The actual approach in Apache OpenOffice and in ODF 1.2 OpenFormula is a counterpart of the Excel "n" case.  

We need to check whether the equivalent of the "d" case is producible in AOO Calc.  Then having the .xslx import filter work appropriately is an additional challenge (along with .ods interop cases).

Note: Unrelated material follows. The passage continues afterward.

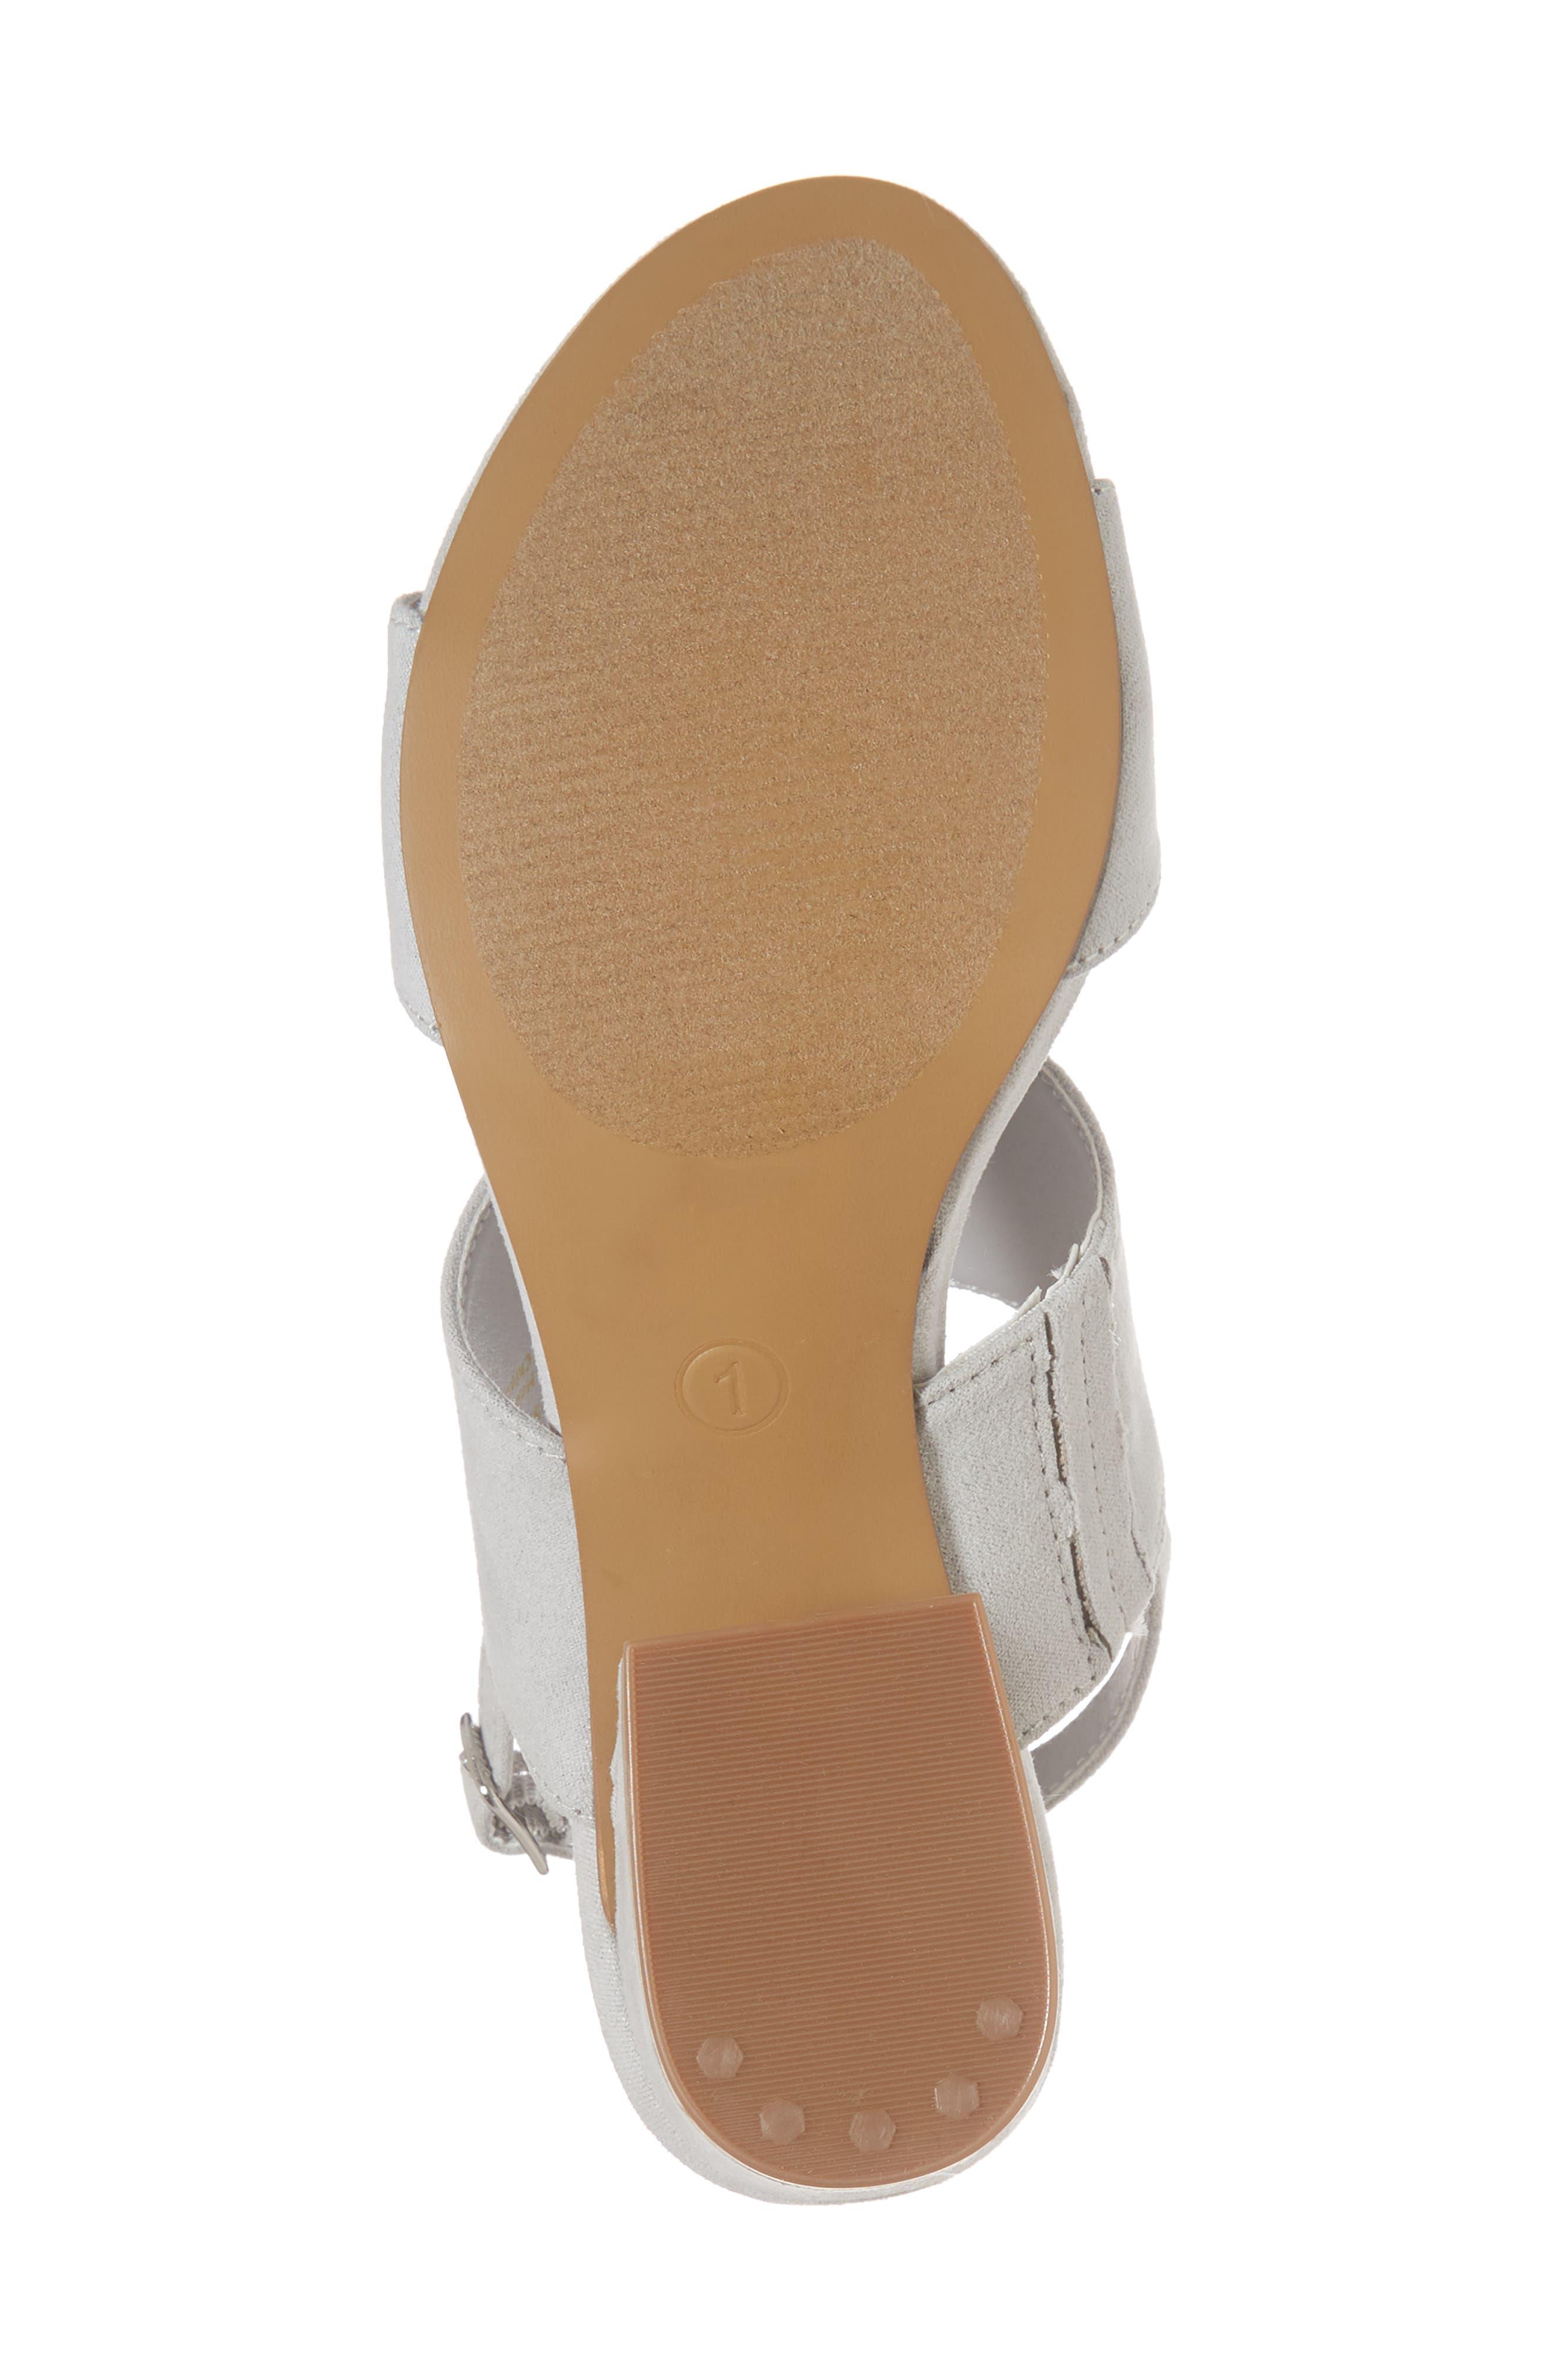 Lorne Flared Heel Sandal,                             Alternate thumbnail 6, color,                             025

More analysis is needed.  Thanks for digging into this, Falcon.
Comment 2 Falcon 2016-07-09 19:01:59 UTC
It's in "ECMA-376, 4th Edition Office Open XML File Formats — Fundamentals and Markup Language Reference" (2012) on page 2432.

http://www.ecma-international.org/publications/files/ECMA-ST/ECMA-376,%20Fourth%20Edition,%20Part%201%20-%20Fundamentals%20And%20Markup%20Language%20Reference.zip

Hm, there are 5-th edition here: http://www.ecma-international.org/publications/standards/Ecma-376.htm
Comment 3 damjan 2023-01-07 16:42:17 UTC
Confirming on the latest Git.

It should be easy to add support for the ISO 8601 dates, it's just function SheetDataContext::onEndElement() in main/oox/source/xls/sheetdatacontext.cxx.
Comment 4 damjan 2023-01-08 08:32:49 UTC
Fixed by the following commit, resolving FIXED.


commit 9621e552cdf723df9a998b3af4218407d6c66e37
Author: Damjan Jovanovic <...>
Date:   Sun Jan 8 10:24:33 2023 +0200

Add support for the new XLSX date type in cells, denoted with attribute t="d",
used by Excel 2010.
    
Also refactor the code so the datetime attribute in pivot tables is also parsed
by the same function, and increase the parsing accuracy to the maximum (HundredthSeconds, instead of just Seconds).
Comment 5 damjan 2023-01-08 08:45:54 UTC
*** Issue 125745 has been marked as a duplicate of this issue. ***
Comment 6 Matthias Seidel 2023-01-08 12:46:52 UTC
Cherry-picked for AOO42X with:
https://github.com/apache/openoffice/commit/f42644c3cfb90ca4340e57144e49d9c75b42db6b
Comment 7 damjan 2023-02-07 17:46:07 UTC
Cherry-picked for AOO41X in commit 1f71f1d8c317442f96cd6d435bb275ff6e97eccb.